===== DATA SECTION
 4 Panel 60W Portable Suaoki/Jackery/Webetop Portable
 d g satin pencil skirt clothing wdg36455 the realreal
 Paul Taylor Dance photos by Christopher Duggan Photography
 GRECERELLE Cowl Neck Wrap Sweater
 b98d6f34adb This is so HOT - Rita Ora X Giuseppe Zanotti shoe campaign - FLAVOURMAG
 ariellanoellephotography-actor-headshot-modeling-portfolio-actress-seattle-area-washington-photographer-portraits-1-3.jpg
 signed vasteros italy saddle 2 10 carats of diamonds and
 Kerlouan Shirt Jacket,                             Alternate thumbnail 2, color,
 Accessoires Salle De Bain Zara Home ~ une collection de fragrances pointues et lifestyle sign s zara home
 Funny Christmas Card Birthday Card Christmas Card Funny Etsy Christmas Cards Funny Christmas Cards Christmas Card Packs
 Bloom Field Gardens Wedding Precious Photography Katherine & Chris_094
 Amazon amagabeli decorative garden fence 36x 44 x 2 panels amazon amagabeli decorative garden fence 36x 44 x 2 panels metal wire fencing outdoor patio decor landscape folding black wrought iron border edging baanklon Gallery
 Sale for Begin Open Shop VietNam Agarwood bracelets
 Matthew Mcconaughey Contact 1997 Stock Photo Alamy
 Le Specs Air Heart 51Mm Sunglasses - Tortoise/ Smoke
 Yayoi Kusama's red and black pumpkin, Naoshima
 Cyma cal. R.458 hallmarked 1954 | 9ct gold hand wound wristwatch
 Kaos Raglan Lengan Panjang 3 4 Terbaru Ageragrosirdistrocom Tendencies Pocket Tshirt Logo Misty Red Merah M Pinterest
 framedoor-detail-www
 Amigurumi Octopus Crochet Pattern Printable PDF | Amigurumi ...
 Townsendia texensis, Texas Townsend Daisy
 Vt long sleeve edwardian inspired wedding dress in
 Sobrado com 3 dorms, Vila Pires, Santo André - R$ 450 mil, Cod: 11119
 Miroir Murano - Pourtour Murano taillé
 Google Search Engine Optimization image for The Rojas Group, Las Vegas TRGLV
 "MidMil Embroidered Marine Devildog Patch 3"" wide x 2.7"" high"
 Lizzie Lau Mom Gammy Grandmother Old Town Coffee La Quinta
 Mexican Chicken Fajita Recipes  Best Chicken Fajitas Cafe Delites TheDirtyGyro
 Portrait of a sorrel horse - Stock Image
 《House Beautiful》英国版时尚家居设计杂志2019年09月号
==========
# EXERCISE GOAL:
Down to the last line, return the data above exactly.

# TASK RESPONSE:
 4 Panel 60W Portable Suaoki/Jackery/Webetop Portable
 d g satin pencil skirt clothing wdg36455 the realreal
 Paul Taylor Dance photos by Christopher Duggan Photography
 GRECERELLE Cowl Neck Wrap Sweater
 b98d6f34adb This is so HOT - Rita Ora X Giuseppe Zanotti shoe campaign - FLAVOURMAG
 ariellanoellephotography-actor-headshot-modeling-portfolio-actress-seattle-area-washington-photographer-portraits-1-3.jpg
 signed vasteros italy saddle 2 10 carats of diamonds and
 Kerlouan Shirt Jacket,                             Alternate thumbnail 2, color,
 Accessoires Salle De Bain Zara Home ~ une collection de fragrances pointues et lifestyle sign s zara home
 Funny Christmas Card Birthday Card Christmas Card Funny Etsy Christmas Cards Funny Christmas Cards Christmas Card Packs
 Bloom Field Gardens Wedding Precious Photography Katherine & Chris_094
 Amazon amagabeli decorative garden fence 36x 44 x 2 panels amazon amagabeli decorative garden fence 36x 44 x 2 panels metal wire fencing outdoor patio decor landscape folding black wrought iron border edging baanklon Gallery
 Sale for Begin Open Shop VietNam Agarwood bracelets
 Matthew Mcconaughey Contact 1997 Stock Photo Alamy
 Le Specs Air Heart 51Mm Sunglasses - Tortoise/ Smoke
 Yayoi Kusama's red and black pumpkin, Naoshima
 Cyma cal. R.458 hallmarked 1954 | 9ct gold hand wound wristwatch
 Kaos Raglan Lengan Panjang 3 4 Terbaru Ageragrosirdistrocom Tendencies Pocket Tshirt Logo Misty Red Merah M Pinterest
 framedoor-detail-www
 Amigurumi Octopus Crochet Pattern Printable PDF | Amigurumi ...
 Townsendia texensis, Texas Townsend Daisy
 Vt long sleeve edwardian inspired wedding dress in
 Sobrado com 3 dorms, Vila Pires, Santo André - R$ 450 mil, Cod: 11119
 Miroir Murano - Pourtour Murano taillé
 Google Search Engine Optimization image for The Rojas Group, Las Vegas TRGLV
 "MidMil Embroidered Marine Devildog Patch 3"" wide x 2.7"" high"
 Lizzie Lau Mom Gammy Grandmother Old Town Coffee La Quinta
 Mexican Chicken Fajita Recipes  Best Chicken Fajitas Cafe Delites TheDirtyGyro
 Portrait of a sorrel horse - Stock Image
 《House Beautiful》英国版时尚家居设计杂志2019年09月号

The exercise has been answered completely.